- **Task**
Emit only the lines from the line containing "BLACK/RED SNAPBACK CAP" through the last line of the entries, unchanged.

- **Stored dataset items**
........

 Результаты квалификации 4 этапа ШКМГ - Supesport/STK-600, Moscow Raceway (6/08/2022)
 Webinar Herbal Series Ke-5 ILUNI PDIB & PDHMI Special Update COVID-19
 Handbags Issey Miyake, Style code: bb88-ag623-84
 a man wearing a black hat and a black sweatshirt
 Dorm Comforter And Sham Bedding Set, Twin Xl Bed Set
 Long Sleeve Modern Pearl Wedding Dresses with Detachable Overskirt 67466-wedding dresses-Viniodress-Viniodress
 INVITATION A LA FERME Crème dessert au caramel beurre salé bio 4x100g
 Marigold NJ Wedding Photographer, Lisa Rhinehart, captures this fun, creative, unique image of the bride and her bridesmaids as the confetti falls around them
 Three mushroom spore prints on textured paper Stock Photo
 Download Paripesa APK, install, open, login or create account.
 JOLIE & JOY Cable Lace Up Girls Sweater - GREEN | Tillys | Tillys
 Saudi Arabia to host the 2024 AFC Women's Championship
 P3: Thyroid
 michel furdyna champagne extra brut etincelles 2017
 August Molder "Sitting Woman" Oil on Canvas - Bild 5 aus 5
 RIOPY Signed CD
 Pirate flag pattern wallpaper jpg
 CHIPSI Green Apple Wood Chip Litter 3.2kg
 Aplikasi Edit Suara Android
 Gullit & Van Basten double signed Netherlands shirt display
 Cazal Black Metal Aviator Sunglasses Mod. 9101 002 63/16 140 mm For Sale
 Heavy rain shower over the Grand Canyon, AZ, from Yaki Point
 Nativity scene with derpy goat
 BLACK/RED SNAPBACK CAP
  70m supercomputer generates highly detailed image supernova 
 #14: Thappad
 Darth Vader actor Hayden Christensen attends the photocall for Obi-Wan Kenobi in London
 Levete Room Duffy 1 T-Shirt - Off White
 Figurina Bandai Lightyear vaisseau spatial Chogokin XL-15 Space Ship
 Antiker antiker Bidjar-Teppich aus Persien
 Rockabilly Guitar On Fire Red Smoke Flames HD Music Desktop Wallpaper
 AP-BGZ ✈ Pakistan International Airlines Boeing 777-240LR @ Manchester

........

- **Task result**
 BLACK/RED SNAPBACK CAP
  70m supercomputer generates highly detailed image supernova 
 #14: Thappad
 Darth Vader actor Hayden Christensen attends the photocall for Obi-Wan Kenobi in London
 Levete Room Duffy 1 T-Shirt - Off White
 Figurina Bandai Lightyear vaisseau spatial Chogokin XL-15 Space Ship
 Antiker antiker Bidjar-Teppich aus Persien
 Rockabilly Guitar On Fire Red Smoke Flames HD Music Desktop Wallpaper
 AP-BGZ ✈ Pakistan International Airlines Boeing 777-240LR @ Manchester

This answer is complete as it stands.